Skip to content

Recipe: Custom Retry Policy

The default retry behavior - exponential backoff with full jitter - is the right shape for most jobs. But some jobs need to react to specific errors:

  • A RateLimitError carrying a retry_after attribute should wait that exact duration.
  • An AuthenticationError should never retry; dead-letter immediately so an operator can rotate the credential.
  • A network blip during a third-party call should retry quickly without burning the full backoff curve.

That logic belongs in a RetryPolicy, not in the job handler.
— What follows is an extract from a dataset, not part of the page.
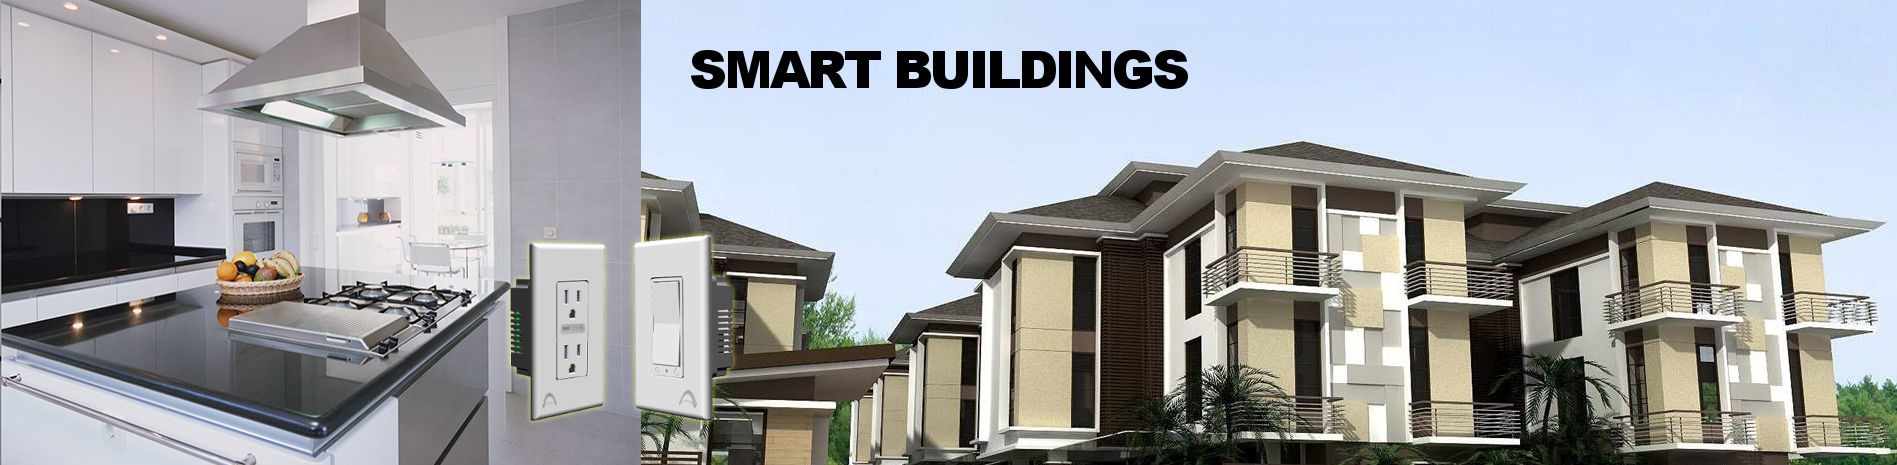 Smart Buildings by RPE.  New housing developments have the much to benefit from Internet of Everything solutions.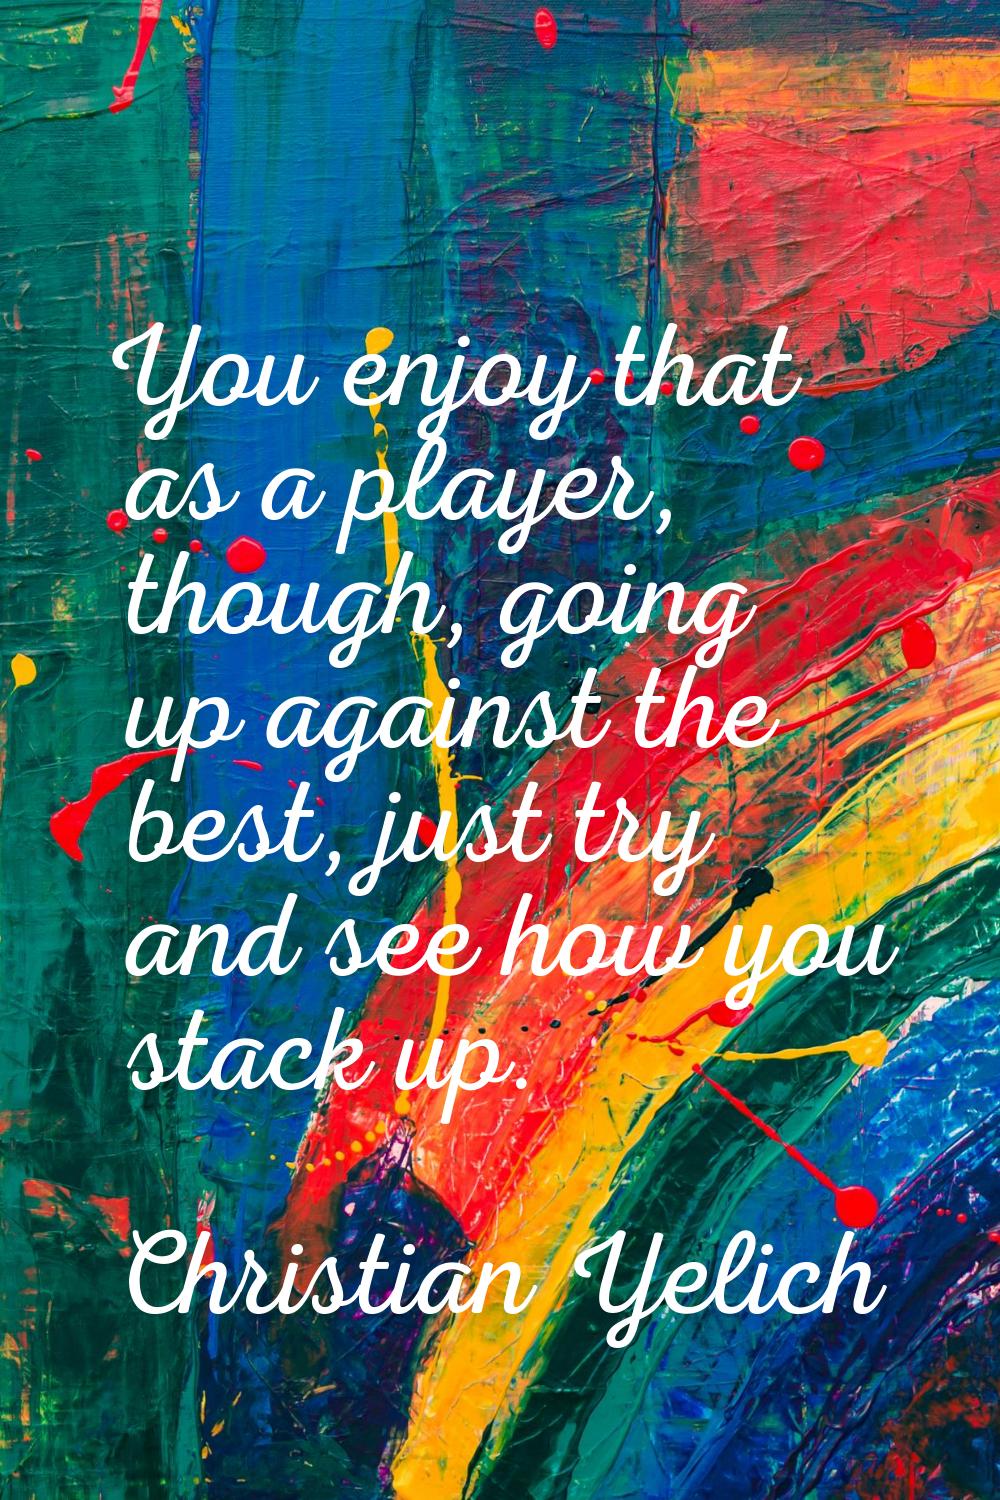 You enjoy that as a player, though, going up against the best, just try and see how you stack up.

The handler raises a typed exception; the policy translates exceptions to delays.

Protocol

# soniq/core/retry.py
from typing import Protocol, runtime_checkable, Optional


@runtime_checkable
class RetryPolicy(Protocol):
    def delay_for(
        self,
        *,
        attempt: int,
        job_meta: dict,
        exc: BaseException,
    ) -> Optional[float]:
        """Return delay seconds for the next attempt.
        Return None to dead-letter immediately."""

attempt is 1-based and reflects the count after the dequeue bump. job_meta is the registry config dict (retry_delay, retry_backoff, retry_max_delay, plus any custom keys passed to @app.job(...)). exc is the exception that surfaced from the handler; it is a synthetic RuntimeError whose message is the rendered traceback. Inspect str(exc) rather than type(exc).

Example: rate-limit-aware policy

import re

from soniq import Soniq
from soniq.core.retry import RetryPolicy, ExponentialBackoff


_DEFAULT = ExponentialBackoff()
_RETRY_AFTER_RE = re.compile(r"retry[_-]after[:= ]\s*(\d+(?:\.\d+)?)")


class RateLimitAwarePolicy:
    def delay_for(self, *, attempt, job_meta, exc):
        msg = str(exc).lower()

        # Authentication errors are not retryable.
        if "authentication" in msg or "401" in msg:
            return None

        # Honor a Retry-After hint when the upstream provided one.
        match = _RETRY_AFTER_RE.search(msg)
        if match:
            return float(match.group(1))

        # Everything else: defer to the default exponential backoff.
        return _DEFAULT.delay_for(attempt=attempt, job_meta=job_meta, exc=exc)


app = Soniq(
    database_url="postgresql://localhost/myapp",
    retry_policy=RateLimitAwarePolicy(),
)

The handler stays simple: raise RateLimitError("rate-limited; retry_after=30") and the policy picks up 30.0 from the message.

Skipping retries entirely (dead-letter on first failure)

class NoRetry:
    def delay_for(self, *, attempt, job_meta, exc):
        return None


app = Soniq(retry_policy=NoRetry())

Useful for jobs where any failure represents corrupt data and a retry would burn database cycles for nothing.

Combining with the registry's max_retries

The policy is consulted only after the handler raises. The dequeue-time check that compares attempts to max_attempts (set by @app.job(max_retries=N)) still applies: a policy that always returns 0.5 on a job with max_retries=3 will retry 3 times then dead-letter regardless. To dead-letter earlier, return None from the policy.